JCANS, the Japan Collaboration of Accelerator driven Neutron sources is a network of Major and Minor sources bound together for mutual exchange and support. This is at first not surprising and similar structures already exist in Germany (e.g. the KFN Committee for Research with Neutrons) and other European countries, but at a second glance some real differences surface.
First of all the membership in JCANS is restricted to accelerator driven sources (currently 9) and industrial users groups and thus focusses more on the sources needs and distributions, rather than the pure science, that is produced with it (if compared to the German KFN).
Secondary – and in my personal opinion I think this is even more important – the members come from all kinds of sources. From small University sources to the great J-Parc Spallation source. From old Accelerators, which are in Operation since the 70th, to new once, which expect to start Operation in 2018. From small Budget working groups with 3 staff members to Multinational Companies like Toyota Motor Corporation. From fundamental research in astrophysics or the standard model of Nuclear Physics to stress tests of deep drawn metal sheets in automobile production. This multitude of different fields of expertise helps to strengthen their common goal, the most efficient use of neutrons as microscopic probe.
At the same time the JCANS is of course embedded in the international scientific landscape and mostly aligned with the UCANS, the Union for Compact Accelerator driven Neutron Sources, since all of the JCANS Members – except the J-Parc Spallation source of cause – are Compact Accelerator-driven Neutron sources (CANS), which would collaborate with UCANS anyway.
So how does is apply to the German or European situation? In Germany all existing neutron facilities (except FRANZ), are reactor based sources, of which the most have been or will be shut down in the near future (as I have explained before). We strife to replace them with new accelerator driven sources, like the HBS and smaller University sized HB sources and currently the outlook seems pretty good. The MLZ in Garching and the FRM II will stay in operation as Germanies large national neutron source.
So if we are successful in implementing this kind of sources in Europe, then it would be very smart, to learn from the Japanese and implement a European version of JCANS right from the start.
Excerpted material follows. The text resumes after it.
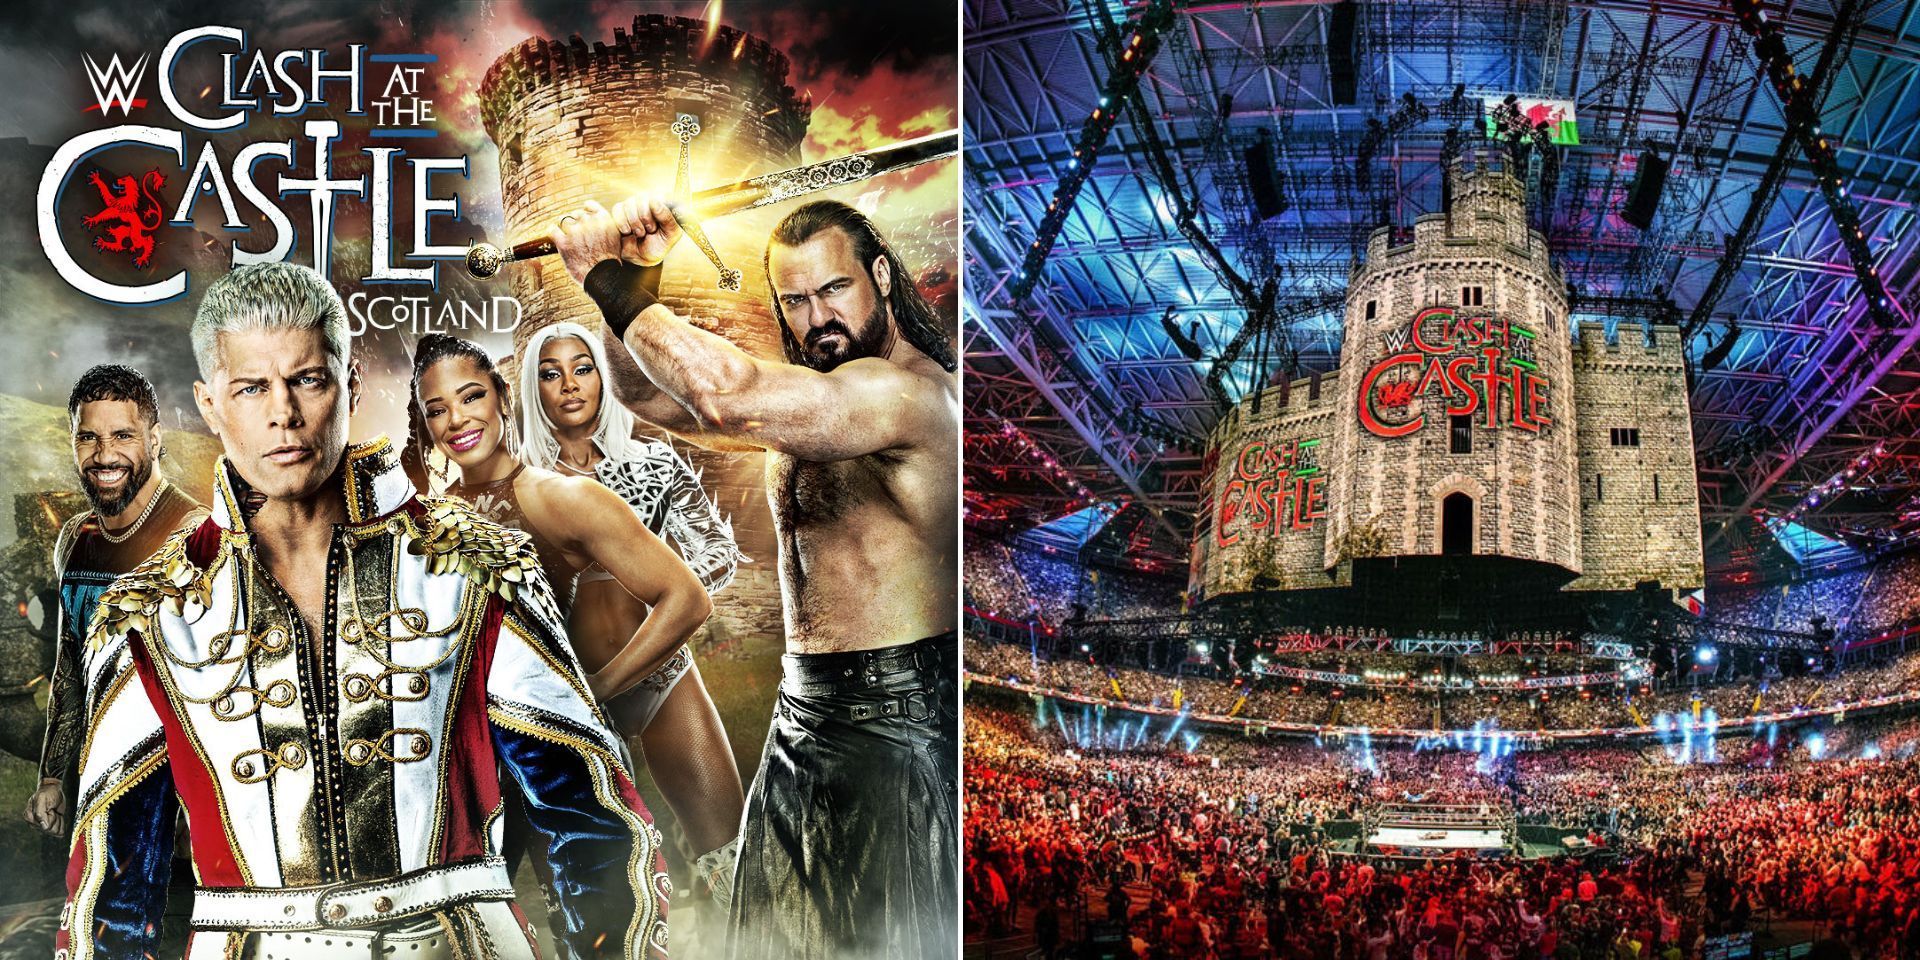 A big title match has been teased for WWE Clash at the Castle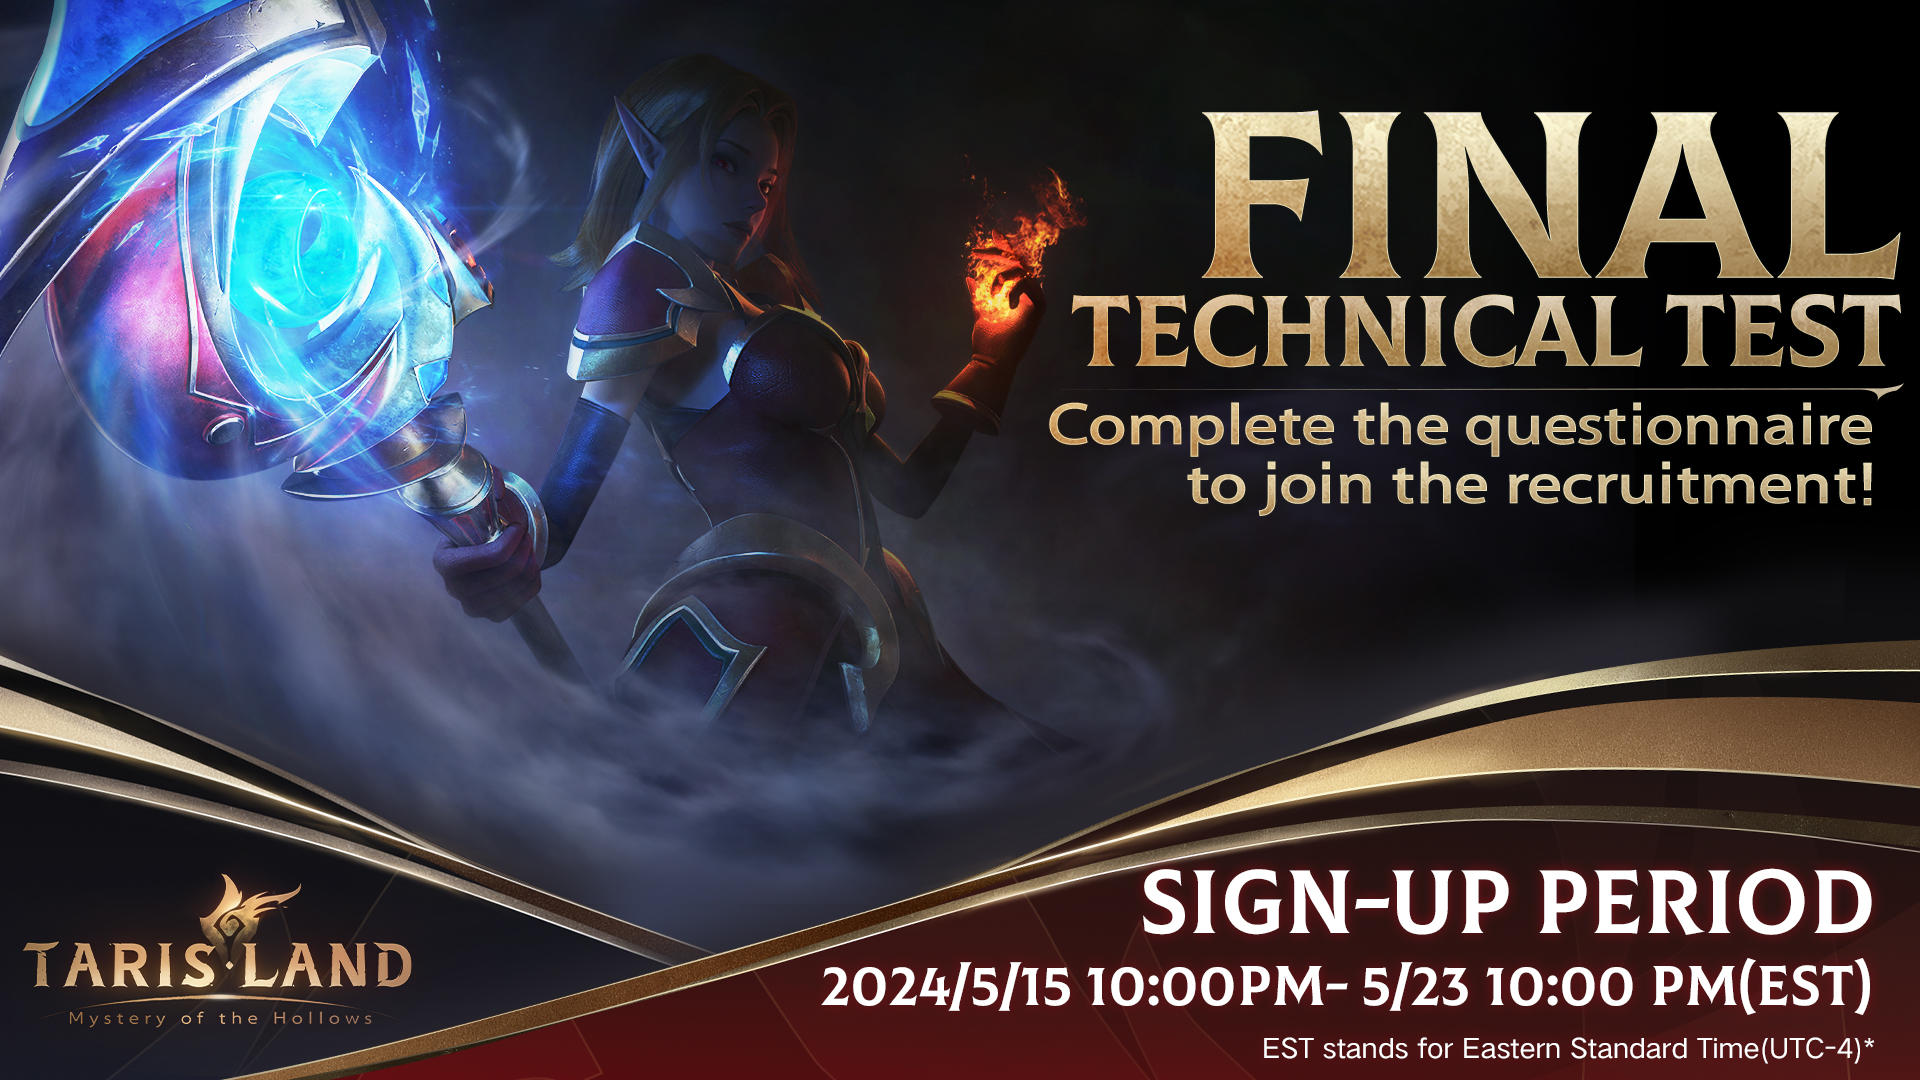 Final round Technical Test Recruitment! Sign-up now to join test during May 27-30 on all platforms!

As a fundament we could use the neutron scattering community, which is already interdisciplinary connected and build from there on, inviting the other neutron sources, which work with neutrons, but don’t have connection to the other scientific fields. Currently some European partners – who want to build high brilliance, low Energy Neutron sources – are meeting once a year invited by JCNS in Unkel near Bonn to discuss the progress of this kind of sources and to develop a coherent concept. They could be included as a whole and the result would look something like this sketch.
So since the JCANS is a national collaboration, would it not be plausible to form national collaborations here as well? I think not. First of all because there are not enough neutron sources in the countries and – perhaps more important – we should strive for more Europe and more collaboration, instead of everybody fending for themselves and especially in a collaboration and/or union there should be as much diversity as possible. I really hope that in the process, of developing the new kind of brilliance focused sources, we can also connect and cooperate in the same way, which the Japanese sources have shown to be very successful.